You have ti keep in mind that he probably used quite old drivers.


----------



## Easy Rhino (Jun 1, 2007)

lol


----------



## FreedomEclipse (Jun 1, 2007)

Dark Ride said:


> You have ti keep in mind that he probably used quite old drivers.



yeah but his system pretty much pwns mine! old drivers or not.

his system is way uber above mine.


----------



## Pinchy (Jun 1, 2007)

it isnt *that* bad considering the 2600XT is only a midrange card. 

It gets basically the same score as my comp (i get around 11k) when my CPU is at 3Ghz (same as the x6800 used). Its only a 200 point difference, so im not complaining


----------



## mandelore (Jun 1, 2007)

i know its a mid range dx10 card, but how is it ment to compare to the x1900 series card? coz my and i guess every1 elses x1900 simply blows this out of the water for benchies


----------



## Easy Rhino (Jun 1, 2007)

mandelore said:


> i know its a mid range dx10 card, but how is it ment to compare to the x1900 series card? coz my and i guess every1 elses x1900 simply blows this out of the water for benchies



true but your card cant run dx10


----------



## Tatty_One (Jun 1, 2007)

Pinchy said:


> it isnt *that* bad considering the 2600XT is only a midrange card.
> 
> It gets basically the same score as my comp (i get around 11k) when my CPU is at 3Ghz (same as the x6800 used).

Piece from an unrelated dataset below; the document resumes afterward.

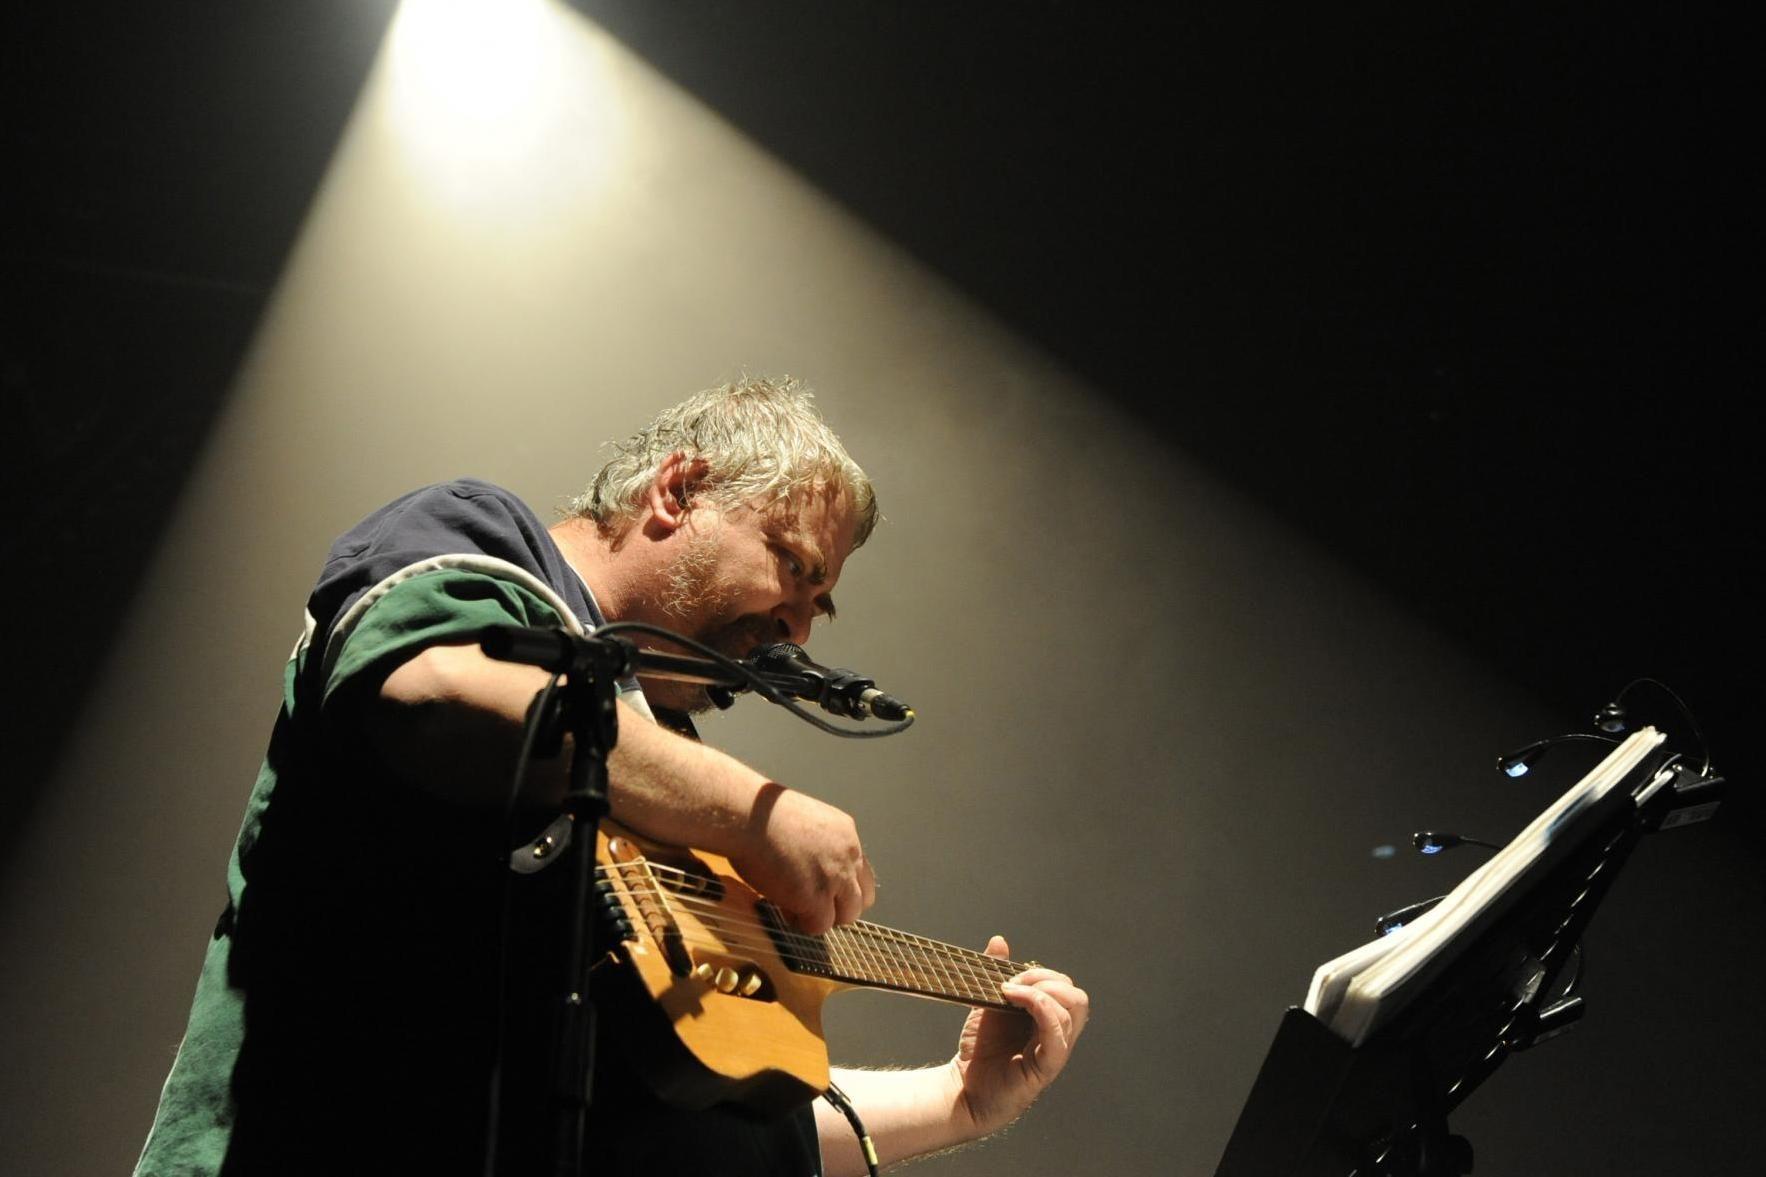 Singer Daniel Johnston dies, age 58

Its only a 200 point difference, so im not complaining



Your quite right!  However, for example, the 8600GTS is a match in many benches for the 7900GTX including 3D Mark 2005/2006, now with my GTO at GTX speeds I can get over 12000 on 2005, I appreciate that my CPU is clocked higher than the test system, dont get me wrong, I am not "slagging" the card, if anything I am slagging the review/benches, I appreciate what Darkride is saying about old drivers and drivers to some extent are everything performance wise but it still seems too low to me.

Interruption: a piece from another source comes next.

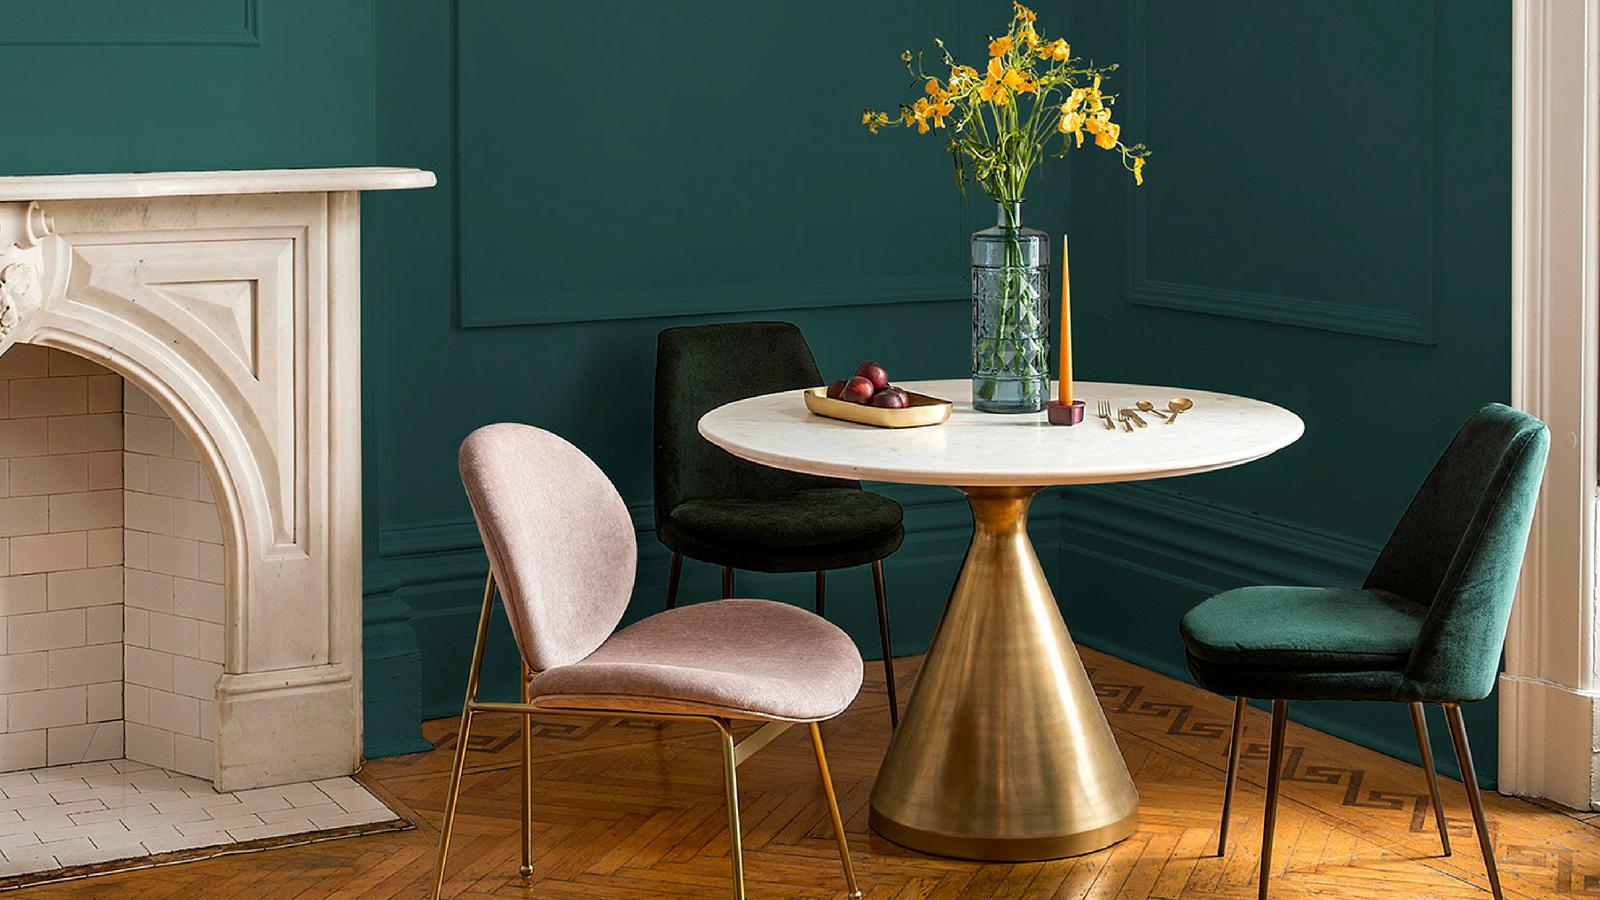 últimas tendencias en diseño de interiores 2018, precioso salón con paredes en verde oscuro y muebles de diseño

Having said that, we know the R600 architecture is very DX10 biased and uses a completely new method of AA/AF rendering which is why it does not perform as well at these synthetic benchmarks, just like tihe 2900XT and that this new architecture really struggles with the older style AA/AF rendering methods that exist within DX9 Benches/games so I dont think all is lost just yet, personally I will take this with a "pinch of salt" until the card is released with some decent drivers.


----------



## zekrahminator (Jun 1, 2007)

This doesn't bode well for ATI....

The 8600GTS eats this card in 3Dmark05 AND FEAR, and that was with an extreme system. I have to admit, the green camp is looking awful good this time around, maybe I should stop waiting for ATI to suddenly get fantastic drivers and just get a G80.


----------



## tkpenalty (Jun 1, 2007)

zekrahminator said:


> This doesn't bode well for ATI....
> 
> The 8600GTS eats this card in 3Dmark05 AND FEAR, and that was with an extreme system. I have to admit, the green camp is looking awful good this time around, maybe I should stop waiting for ATI to suddenly get fantastic drivers and just get a G80.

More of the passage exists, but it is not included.